Полковник усмехнулся:
— И шо вы таки думаете? К нему подсаживается такой, понимаешь, колоритный мучачос, вот ей же ей, сомбреро за спиной должно быть. Но сейчас он в костюмчике, галстучек. И к моему объекту: “Синьор, позвольте спросить, вы не из Совиет Руссия? А как там, а что там, а расскажите…” И как погнал, на хорошем таком английском, только акцент мне знаком плохо… Я уже так и так извертелся, чтобы услышать, но тут мне повезло, они пересели, там семья мучачоса набежала. Такая… Синьора в три обхвата, несколько мелких синьоренков, а вот синьорины, увы, не нашлось…
Запив огорчение мизерным глоточком, Антоненко салютовал чашкой всему отделу, сбежавшемуся послушать. А что такого? Сам же сказал: “не секретно!”
Антоненко улыбнулся:
— Это раньше такой анекдот ходил. Тридцать девятый год, в Польше с востока мы, с запада фрицы. Паром через реку Западный Буг. На пароме люди, бегут от коммунистов. Навстречу им другой паром, люди бегут от фашистов. И вот они посередине реки встречаются, и на каждом пароме люди пальцем у виска крутят, на встречных глядя. Ситуация прямо из анекдота! Смотрит мой объект на мучачоса, и диву дается. Зачем вы в Союз едете? Там все плохо! Я, говорит, в университете учился, а меня, говорит, каждую осень гоняли картошку собирать. По месяцу. Не может, говорит, коммунистический Союз без уборки картошки студентами.

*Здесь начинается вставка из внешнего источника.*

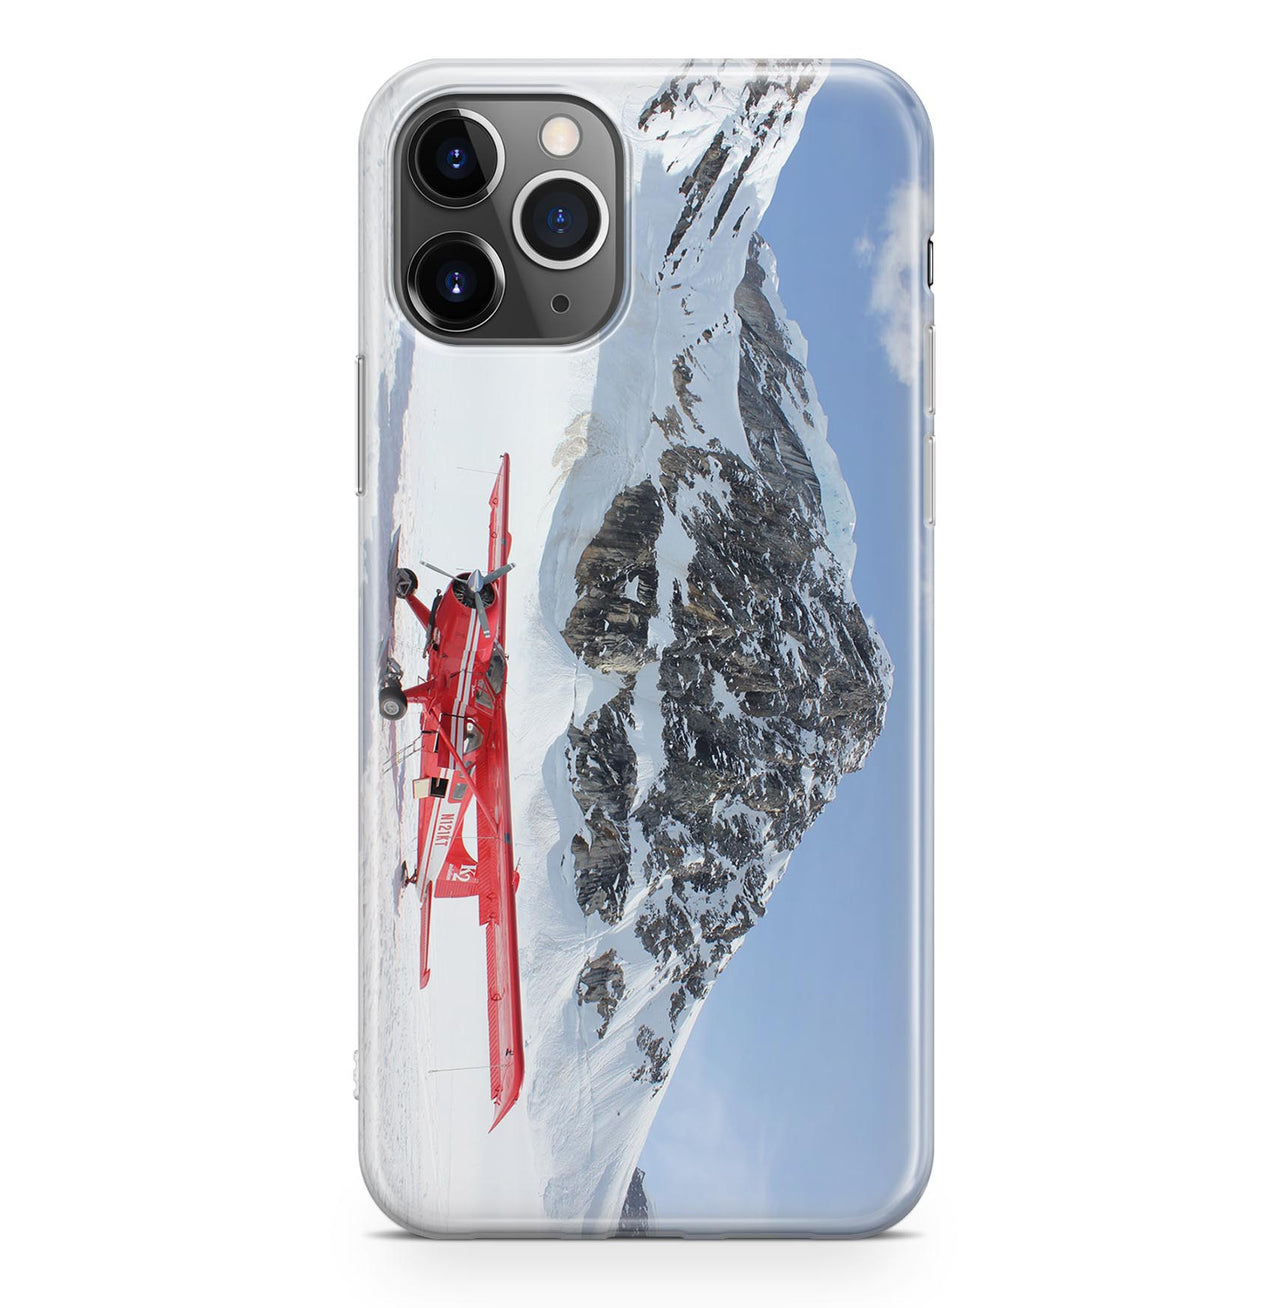 Amazing Snow Airplane Designed iPhone Cases

Антоненко заговорил глуше:
— А мучачос послушал, да и говорит: что вы, синьор! Вы картошку пять месяцев поубираете, а потом выучитесь и большим человеком станете. Мы эту клятую картошку убираем всю жизнь, и ни в какой университет мы после месяца “на картошке” не вернемся. Мы там, на этих раскисших полях, навечно! Мне-де, чтобы мальчика в университет послать, надо продать лос каса, дом, то есть. А если в хороший университет, надо продать всю асьенду, землевладение, в смысле. С тракторами! Мы, говорит, решили: если все равно продавать, продадим один раз и уедем туда, где хотя бы у детей шанс будет.

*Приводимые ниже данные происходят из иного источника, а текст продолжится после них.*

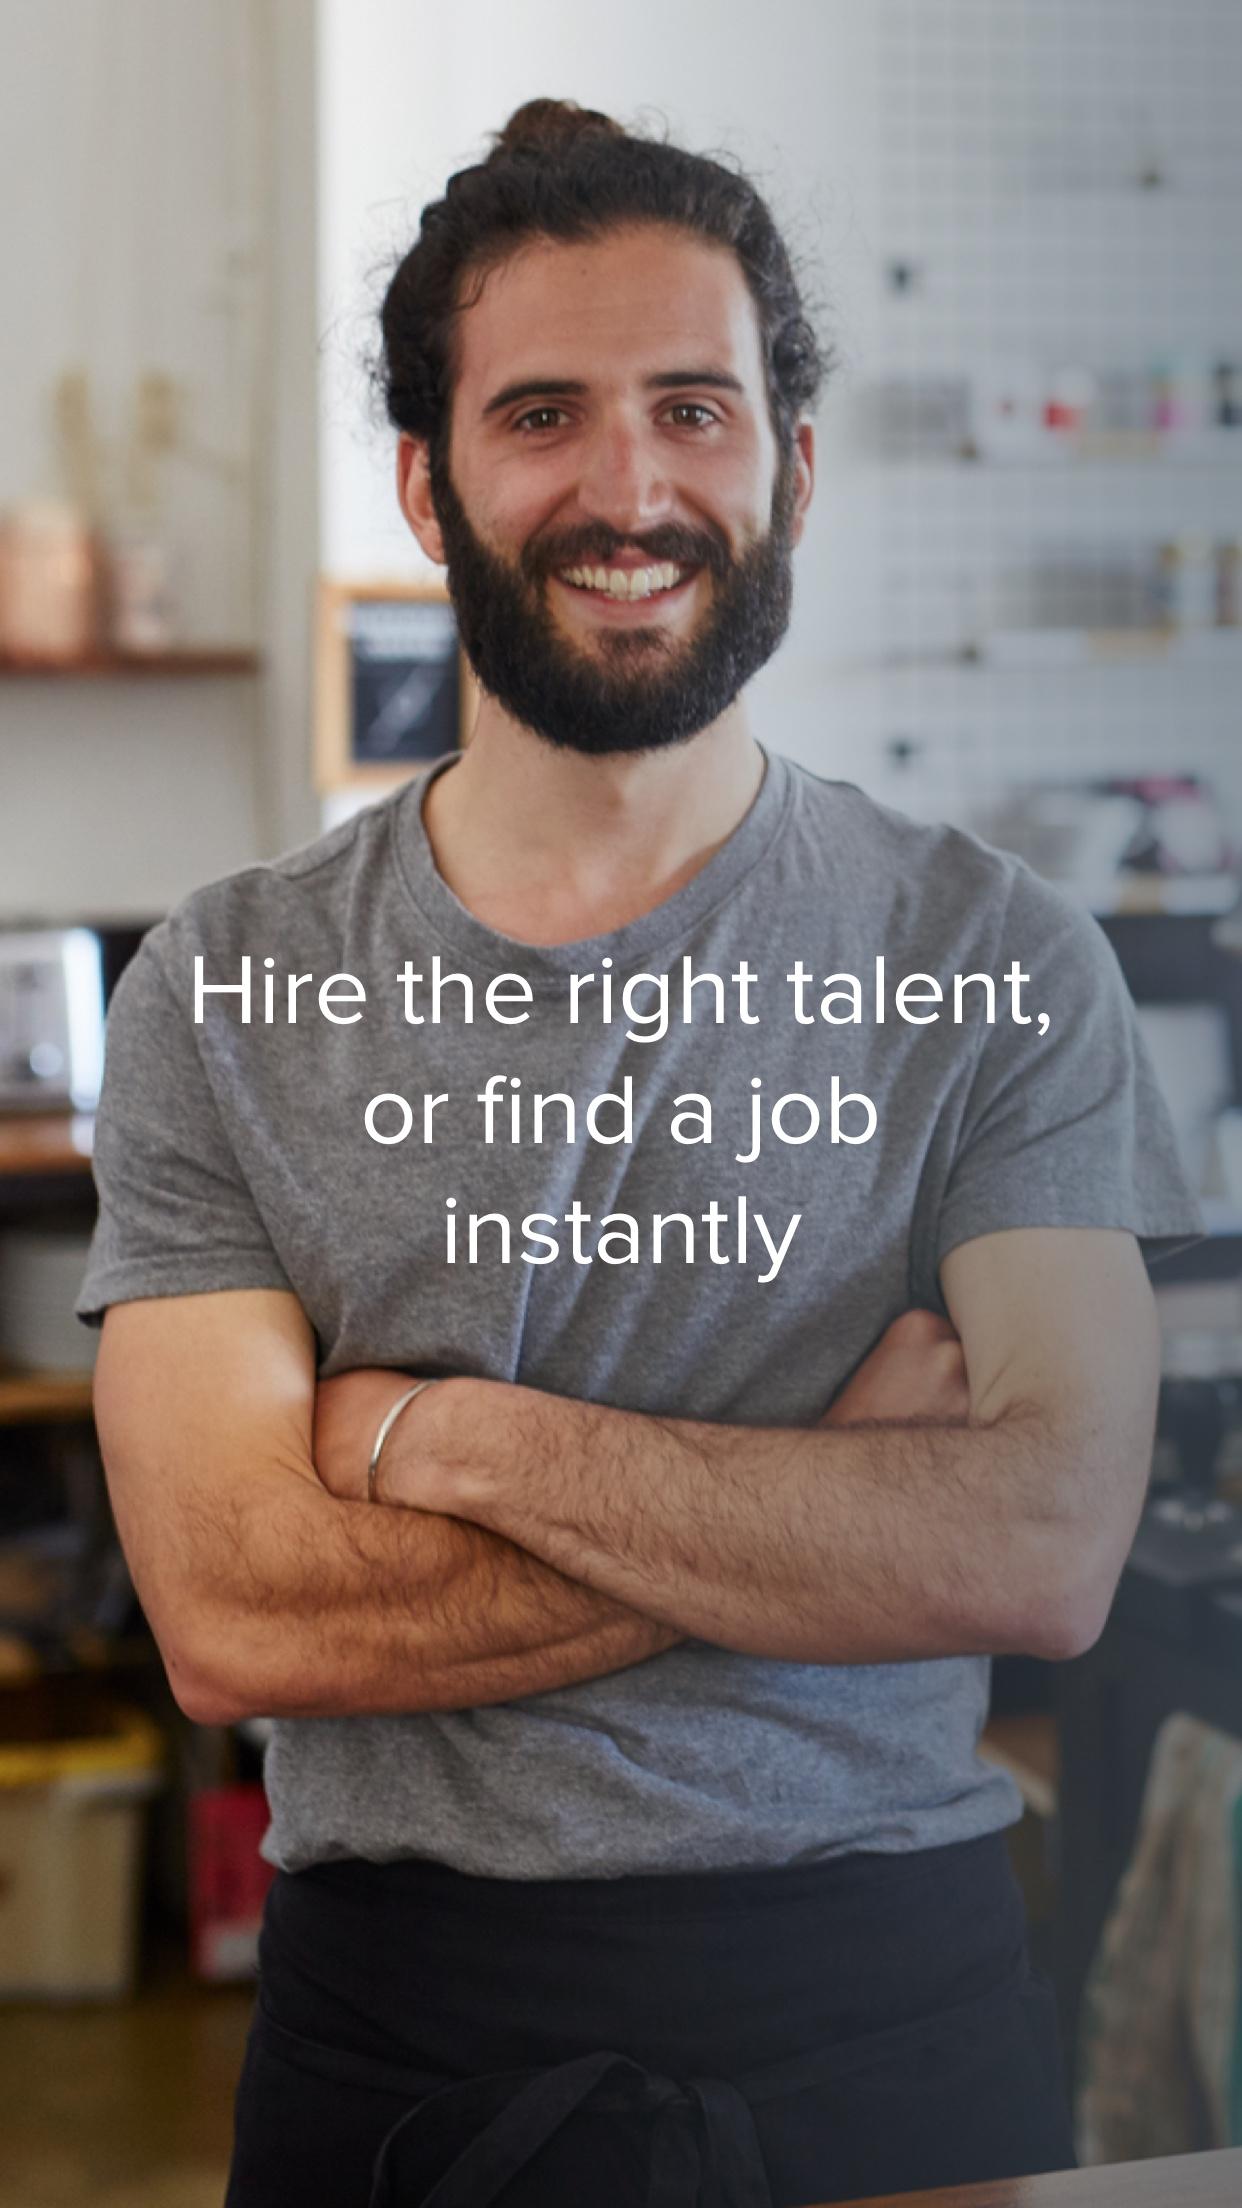 Jobandtalent Job Search & Hire screenshot #4

— И? — не выдержал долгого молчания кто-то среди сотрудников отдела.
— И что-то расхотелось мне смеяться над анекдотом из тридцать девятого, — закончил Антоненко, снова наливая себе малюсенькую чашечку горького кофе.
— Тарщ полковник, — влез молодой бородатый парень, Капитану незнакомый. — Разрешите вопрос?
— Валяй, Трофимыч, без чинов.
— Есть без чинов. Игорь Павлович, а ваше мнение? Удалось бы Поспелову? Он все-таки отважился на риск.
Полковник допил микроглоток, стукнул чашечкой в стол.
— Думаю, Поспелов мог бы выиграть, если бы сразу сказал: нечего нам кормить Кавказ и Среднюю Азию. Люди бы на это соблазнились. Никто особо не любит “кепка-аэродром”. Там, чтобы качество на заводе удержать, половину рабочих приходится завозить, а это сразу чужой квартал в городе. И все та же злость местных на “понаехавших”.
— Товарищ полковник, а если плюнуть? Ну, пусть себе отделяются и живут своим обычаем?
Антоненко посмотрел на собравшихся внимательней:
— На северном Кавказе бывал кто?
Люди вразнобой загудели, что, мол, никто.
— Ну вот, а там самая опасная профессия — учитель русского в старших классах. Математику там, физику, местные кадры преподают. А русский учить все же приглашают, кто с рождения русский.
— Чем опасно?
— Девки вешаются, не отмахаешься.
— Так это ж хорошо!
— Ну, во-первых, там все строго. Сразу женят.
— И это неплохо.
— Нет, парень, это плохо. Потому что десятиклассница, которая на тебя повесилась, и которую ты в ЗАГС отвел, уже кому-то обещана с рождения. Там девки — товар. Как ценная корова, понимаешь?
— Как: товар?
— Как при царе. Вы думаете, столетние обычаи по декрету Ленина отменяются? Не, шалишь… Девки-то не хотят идти за тех, кого семья приговорила.
— Старые?
— Если бы старые, полбеды. А выдают за какого-нибудь умственно-отсталого, какие от него дети будут? Поэтому быстро соблазнить молодого учителя или там агронома, и замуж, лишь бы не за урода… Но девка-то уже семьей кому-то сговорена. А тут залетный с севера дорогу перешел, как такое стерпеть? Вот и доходило… До нехороших вещей.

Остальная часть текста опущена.